Let’s explore which variables were most influential in the random forest model.
# Get variable importance
importance.scores <- rf.model %>%
importance() %>%
as.data.frame()
# Sort the SNPs by importance
importance.df <- importance.scores[order(importance.scores$IncNodePurity, decreasing = TRUE), ]
# View the top 10 most important SNPs
head(importance.df, 10)## %IncMSE IncNodePurity
## environment 14.029983 226.304386
## wPt.3533 6.680649 17.075117
## clusterID 4.136805 11.944214
## c.378212 3.865563 9.409974
## c.379495 3.659103 8.087316
## c.375127 3.297306 7.964841
## c.344179 3.582840 6.256734
## c.344544 3.236063 6.046233
## c.379274 2.572558 5.593142
## c.381717 3.376430 5.387462
The increase in MSE variable measures the decrease in model accuracy when the values of a specific feature are randomly permuted while keeping other features unchanged. The increase in node purity variable tells us that the feature is important in differentiating between different outcomes.

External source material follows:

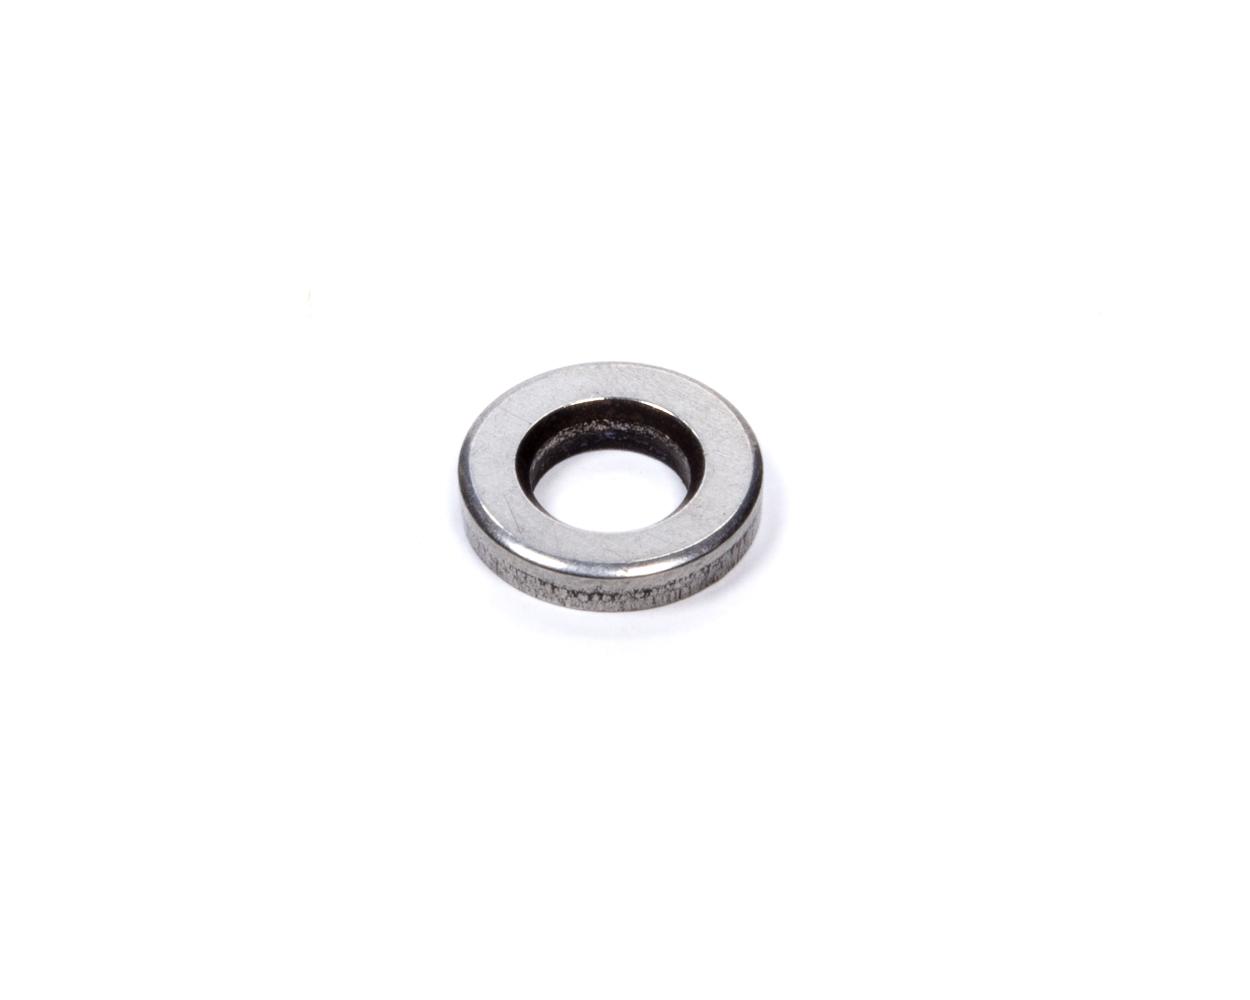 Arp S/S Flat Washers - 5/16 ID x .625 OD (1pk)

# Plot the top 10 most important variables
ggplot(importance.df[1:10, ], aes(x = reorder(rownames(importance.df)[1:10], IncNodePurity), y = IncNodePurity)) +
geom_bar(stat = "identity") +
coord_flip() +
xlab("Variables") +
ylab("Increase in Node Purity") +
ggtitle("Top 10 Most Influential Variables in Random Forest Model")
Lab Completed!
Congratulations! You have completed Lab 5!